Material provided:
***
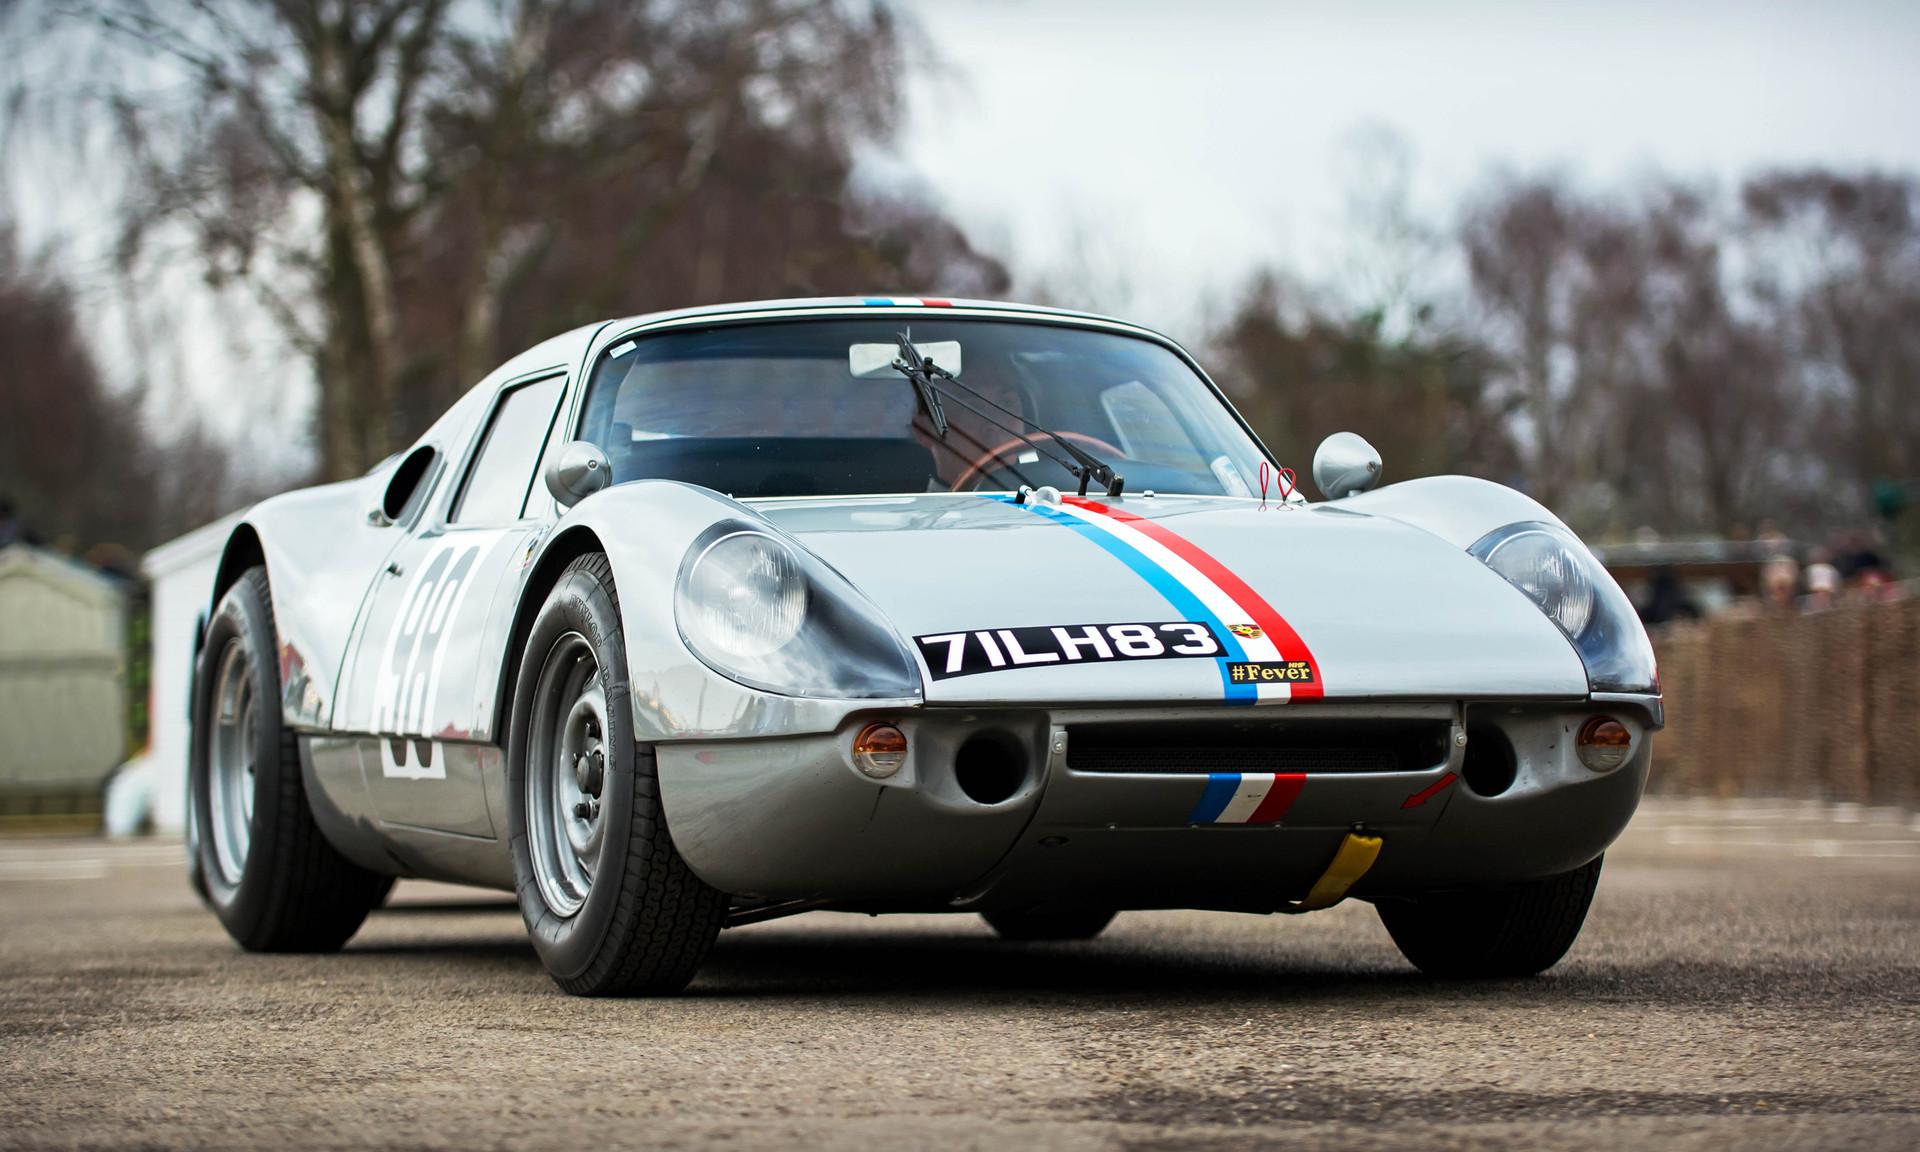 Phil Hylander & James Cottingham's 1964 Porsche 904 Carrera GTS at the Goodwood 76MM
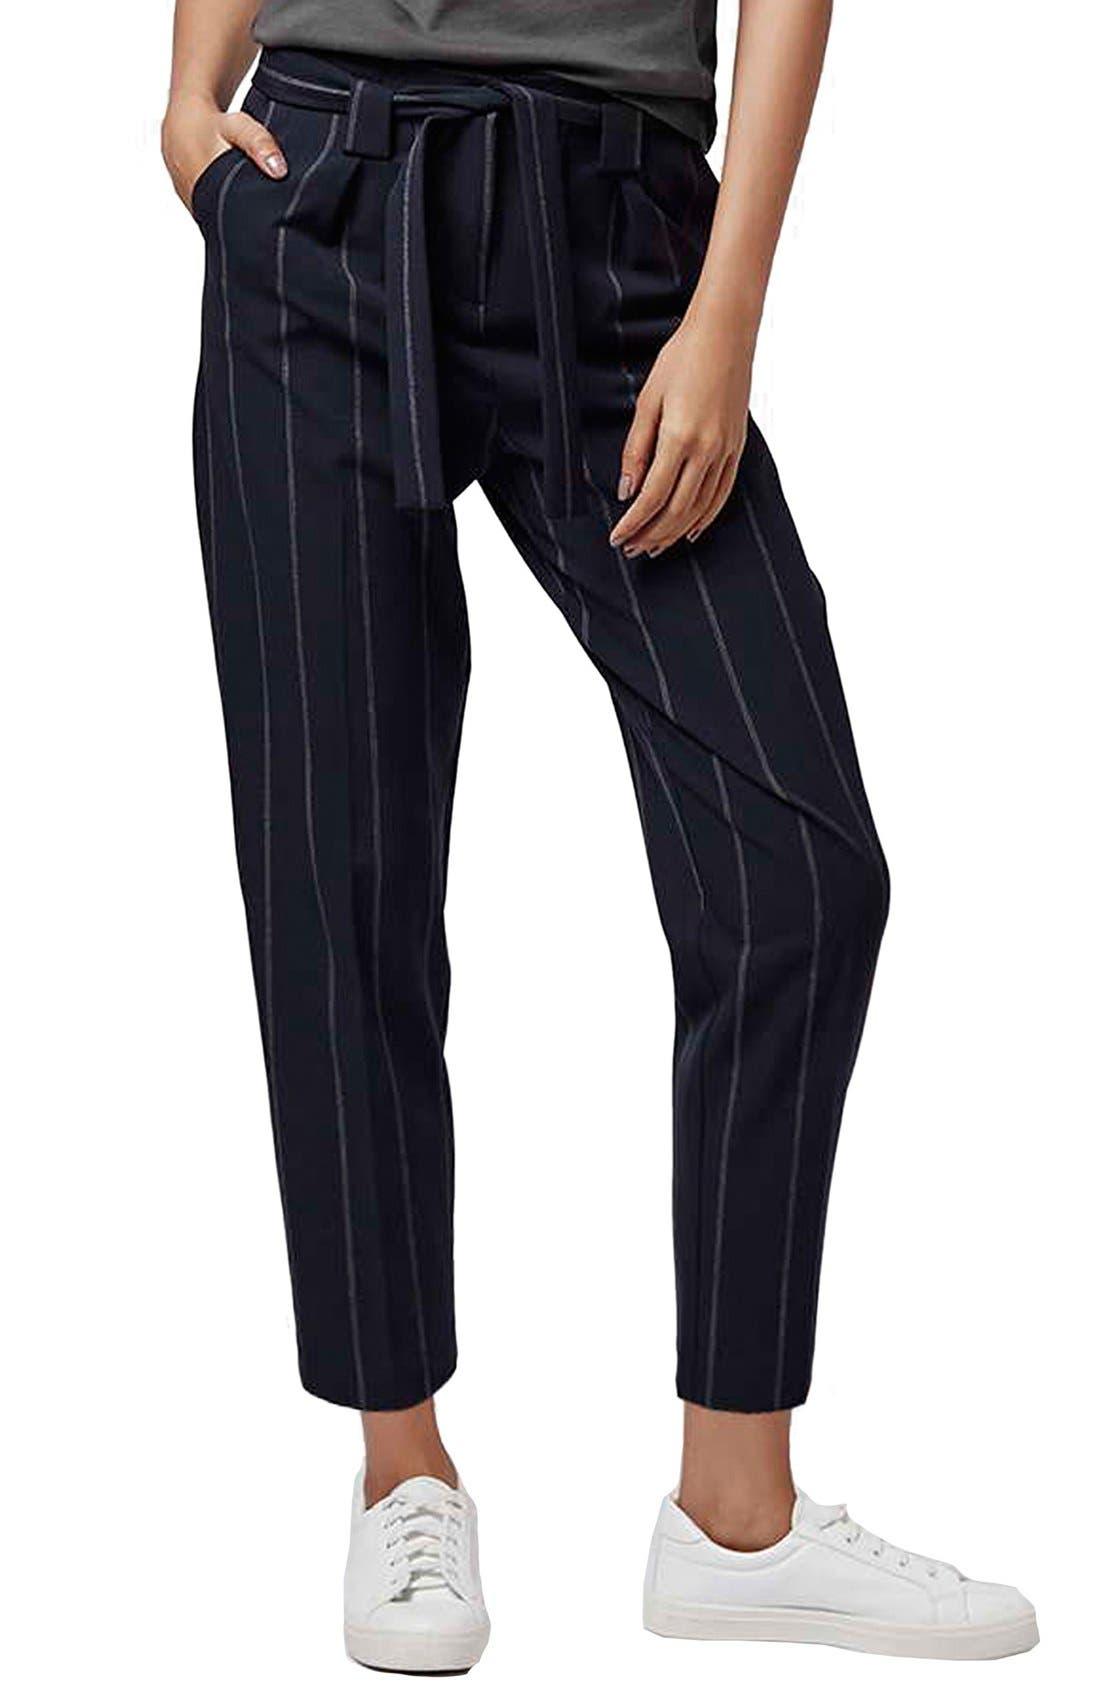 Alternate Image 1 Selected - Topshop Belted Pinstripe Pants (Regular & Petite)
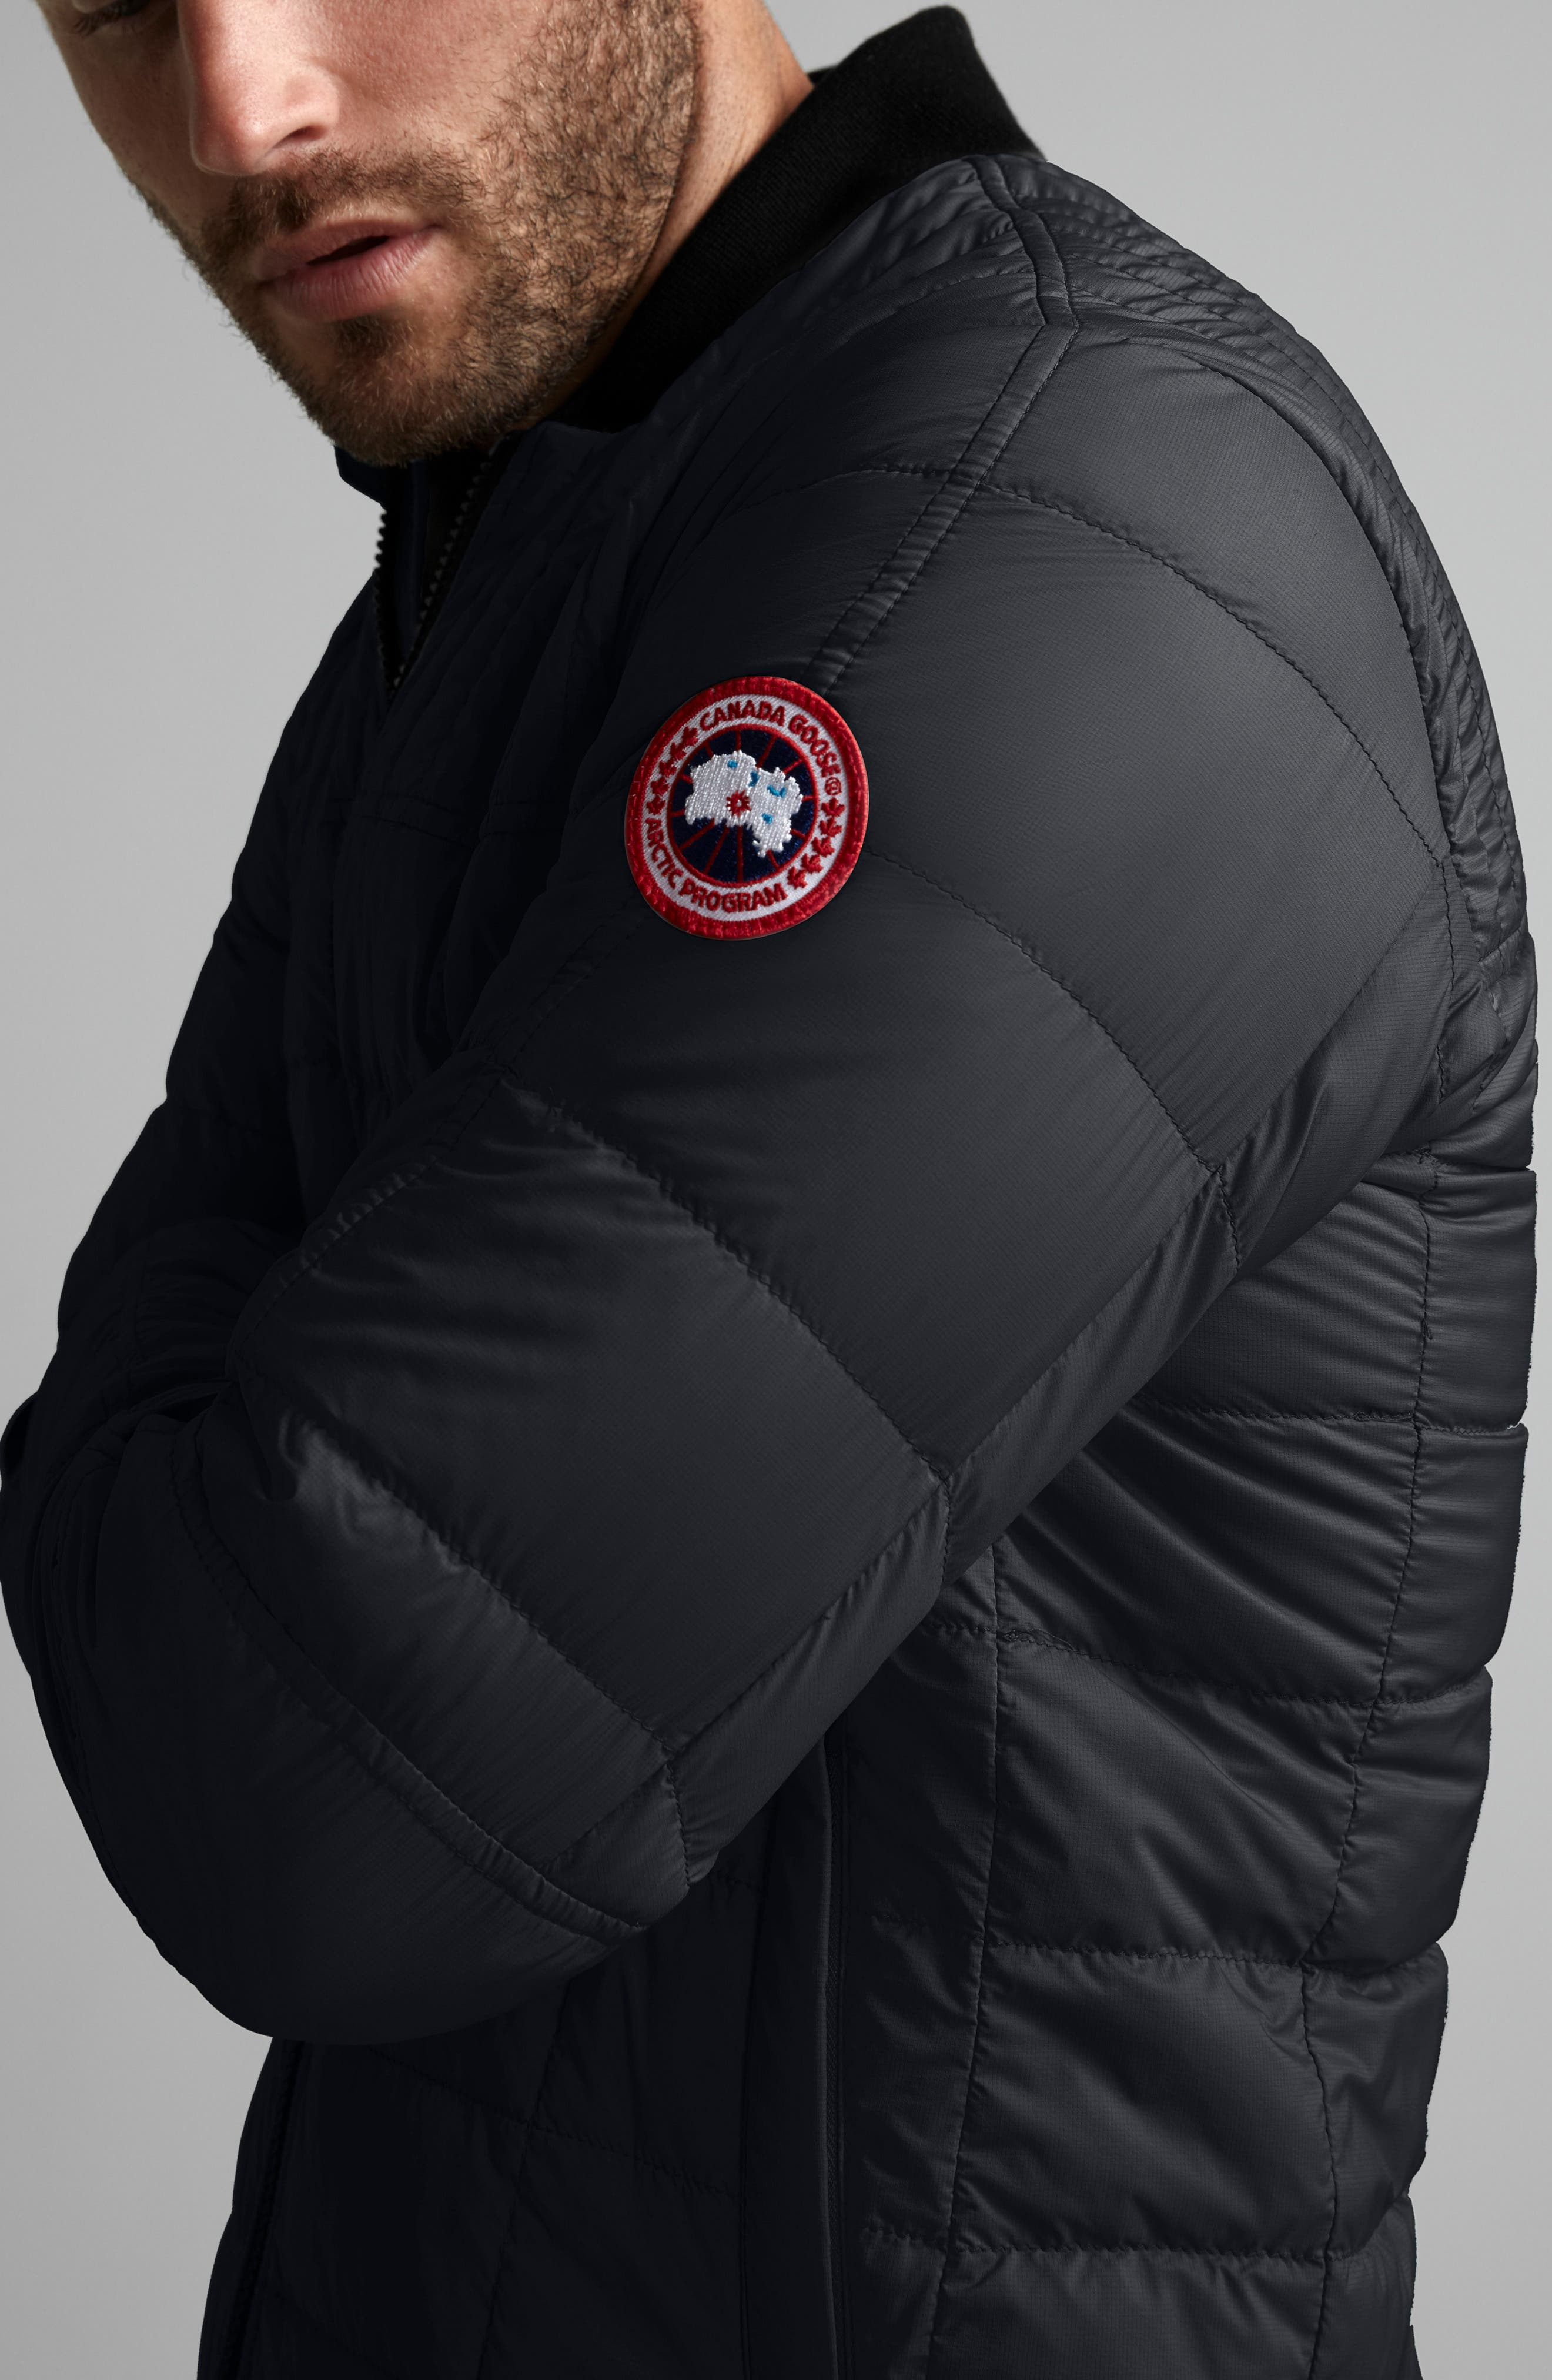 CANADA GOOSE, Dunham Slim Fit Packable Down Jacket, Alternate thumbnail 3, color, 001
***
Exercise description: Output precisely the lines in the material above from the line containing "Alternate Image 1" through its last line, and omit pictures.

Answer to this problem:
 Alternate Image 1 Selected - Topshop Belted Pinstripe Pants (Regular & Petite)
 CANADA GOOSE, Dunham Slim Fit Packable Down Jacket, Alternate thumbnail 3, color, 001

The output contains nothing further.